Les pays qui entourent la Suisse ont aussi des démocraties qui fonctionnent et leur système permet, lui, à leur gouvernement d'agir, juge François Nordmann. Keystone

La Suisse n'a pas de ligne stratégique lui permettant de faire face aux crises et aux défis du monde actuel, affirme François Nordmann. Tour d'horizon avec un ancien ambassadeur qui ne ménage pas ses critiques.

Après une longue carrière au sein du ministère suisse des Affaires étrangères (DFAE), François Nordmann est devenu, entre autres, un analyste de la politique internationale et ses chroniques paraissent régulièrement dans le quotidien Le Temps.

swissinfo.ch: Le gouvernement suisse et sa diplomatie ont dû faire face à une série de crise ses derniers temps, notamment avec la Libye. Comment évaluez-vous leurs réponses?

François Nordmann: Vous avez différents types de crises, celles quotidiennes avec des touristes suisses en difficulté. Dans ces cas, la diplomatie est à la hauteur avec de bonnes structures de gestions. Face aux prises d’otages, le DFAE sait également se mobiliser et adopter les bonnes actions.

Le cas de la Libye, lui, est très particulier et les réactions de la Suisse ont été peut-être mal adaptées à la psychologie étrange, aux outrances verbales du colonel Kadhafi.

Quoi qu’il en soit, la Suisse devra admettre que ce qu’on appelle le manque de tact des autorités genevoises entraîne légitimement à présenter des excuses et que l’on passe cet épisode par perte et profit. Cela dit un procès est toujours prévu autour de cette affaire. Il est donc justifié d’attendre son issue.

swissinfo.ch: Dans le cas de l’affaire UBS, du secret bancaire et du dossier fiscal avec l’Union européenne, la Suisse a-t-elle su anticiper?

FN: Les clignotants ont fonctionné. L’alerte précoce a été donnée. Les diplomates savaient ainsi que la conclusion des bilatérales en 2004 avec l’accord sur la fiscalité de l’épargne et l’accord sur la fraude n’était qu’un armistice et non une paix définitive, que les pays qui avaient fait des concessions du bout des lèvres ne renonceraient pas à leur projet d’imposer l’échange automatique d’information qui signifie la fin du secret bancaire.

Depuis 2004, la Suisse aurait dû avoir un plan B qui lui aurait servi, le moment venu. Elle a fait des concessions, si bien qu’une fois poussée dans ses derniers retranchements, sa réponse paraît tardive et suspecte. Ce qui nous a valu d’être placé sur une liste grise.
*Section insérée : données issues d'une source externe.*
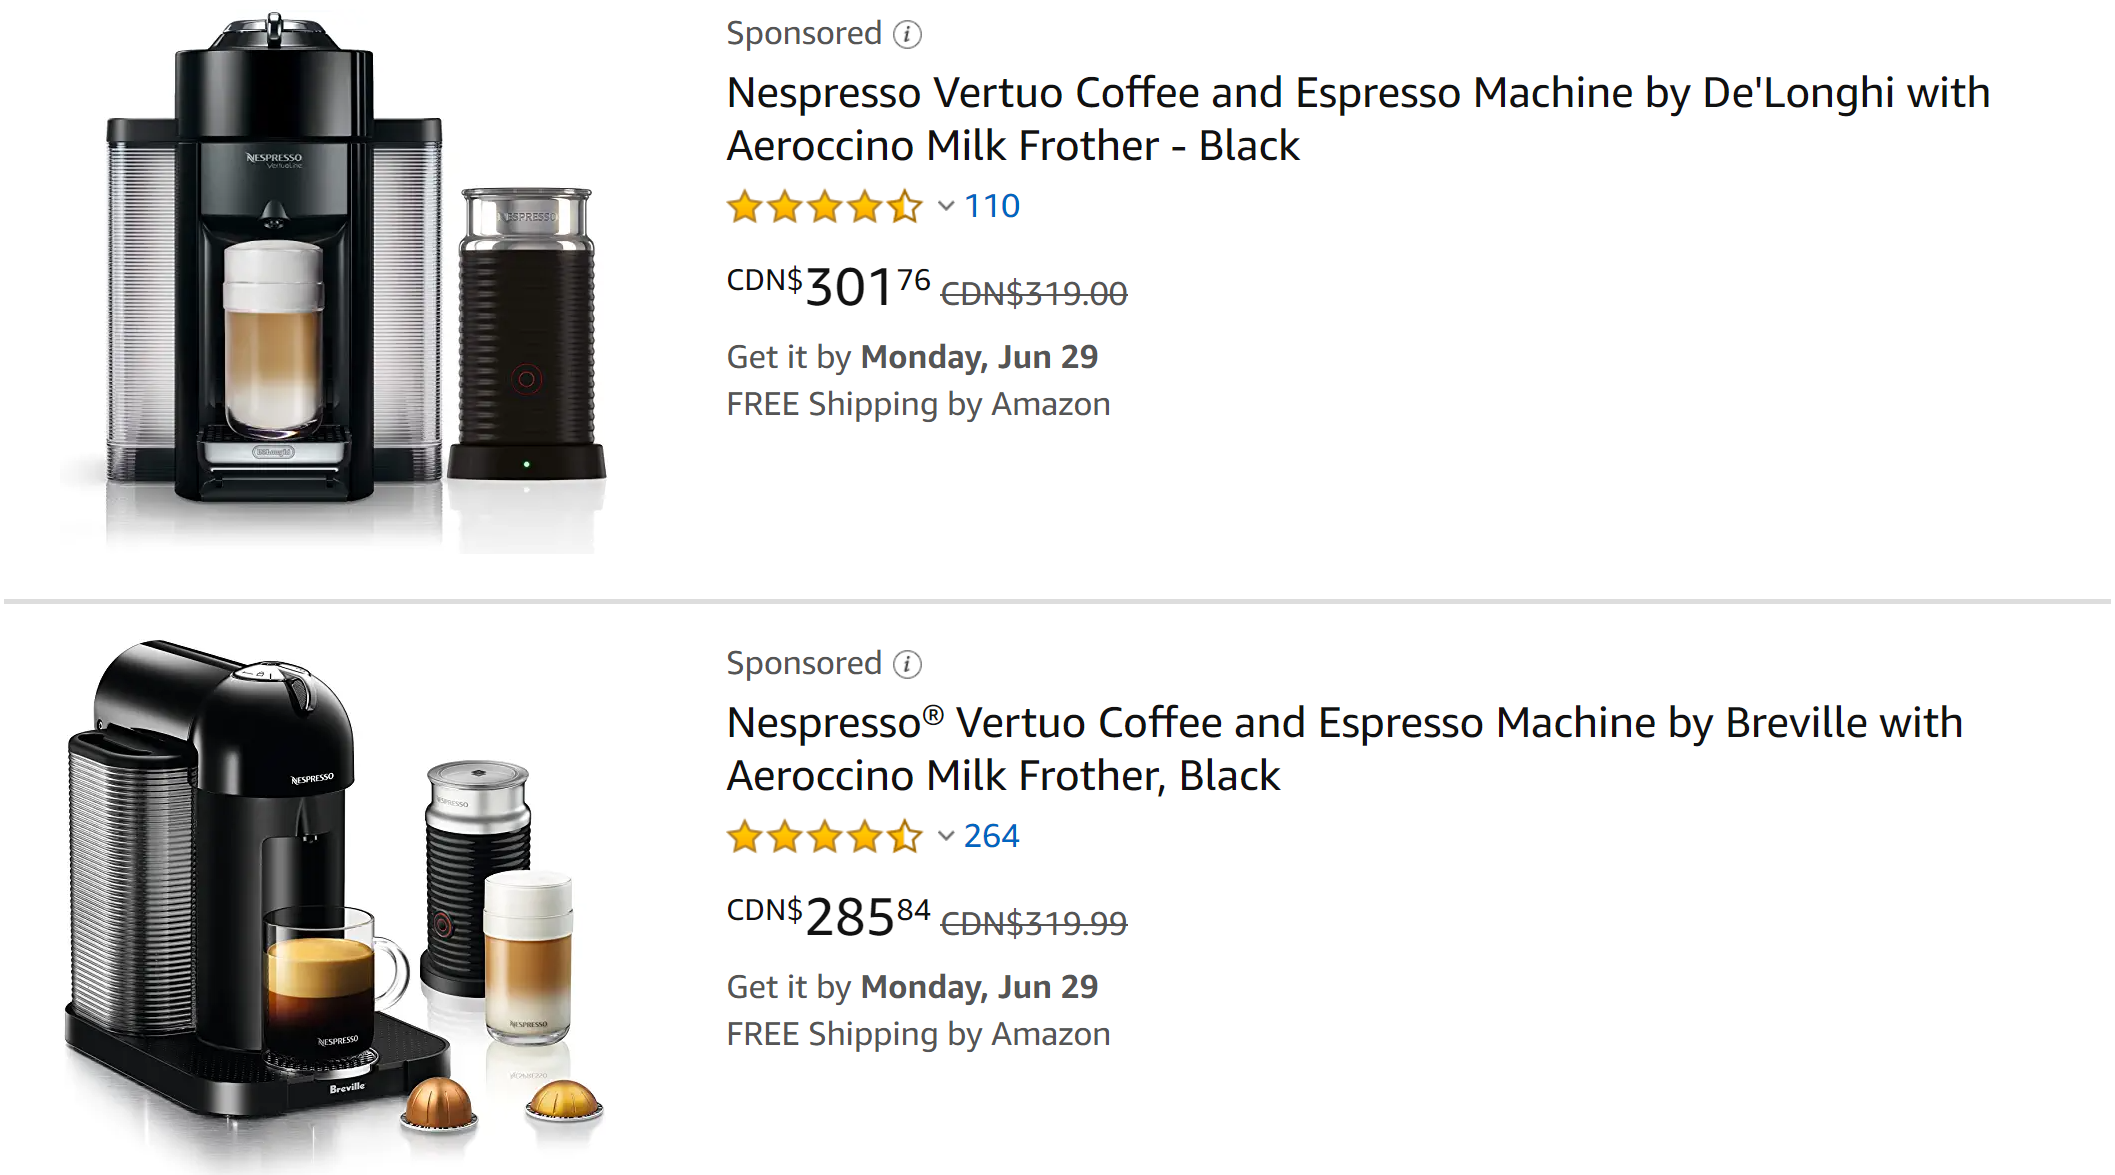 Nespresso咖啡机低至5.5折!$99收Inissia咖啡机

swissinfo.ch: Quelles sont, selon vous, les faiblesses de la diplomatie suisse?

FN: Elle n’a pas compris qu’il y a une hiérarchie dans les pays. L’égalité souveraine des Etats est – sous cet aspect – un mythe qui n’a qu’une valeur juridique. Quand les grandes puissances se mettent d’accord, qu’elles ont des institutions pour cela (G8, G20, Conseil de sécurité, etc.), un pays comme la Suisse doit veiller à appliquer leurs décisions d’une manière cohérente, intelligente et en préservant ses intérêts. C’est une question de discipline qui assure le fonctionnement de l’ordre mondial.

De plus, nous avons actuellement un mélange entre une ligne idéologique très respectable qui se réclame des grands principes et un consensus beaucoup plus pragmatique qu’il faut respecter, ne serait-ce qu’en raison du rapport de force au sein du Conseil fédéral et du Parlement.

Enfin, la diplomatie suisse prend peut-être plus de dossiers qu’elle ne peut en régler. Elle essaye de jouer un rôle dans quasiment tous les conflits. Cette théorie de la pêche à la ligne qu’on refuse dans le domaine bancaire, on l’applique à notre politique de paix en allant au Tchad, au Soudan, en Ouganda, en Colombie, au Népal en espérant qu’un poisson mordra et qu’on arrivera à faire jouer nos bons offices dans l’un ou l’autre conflit. Et ce, même si nous avons enregistré de beaux succès, comme tout récemment avec la Turquie et l’Arménie.

Avec l’Iran, la politique de la Suisse a été outrancière, puisqu’elle s’est écartée du consensus obtenu par le Conseil de sécurité, avant d’y revenir l’an dernier. La Suisse a voulu offrir des bons offices que personne ne lui demandait ou qui ne concernaient que l’une des parties.

De même, au Moyen-Orient, Berne a fourni une prestation importante avec l’Initiative de Genève. Mais sans les gouvernements concernés, voire contre eux. Depuis lors, je pense que la Suisse s’est brouillée avec une des parties et qu’il n’est dès lors plus question – du moins pour le moment – d’une médiation dans la région.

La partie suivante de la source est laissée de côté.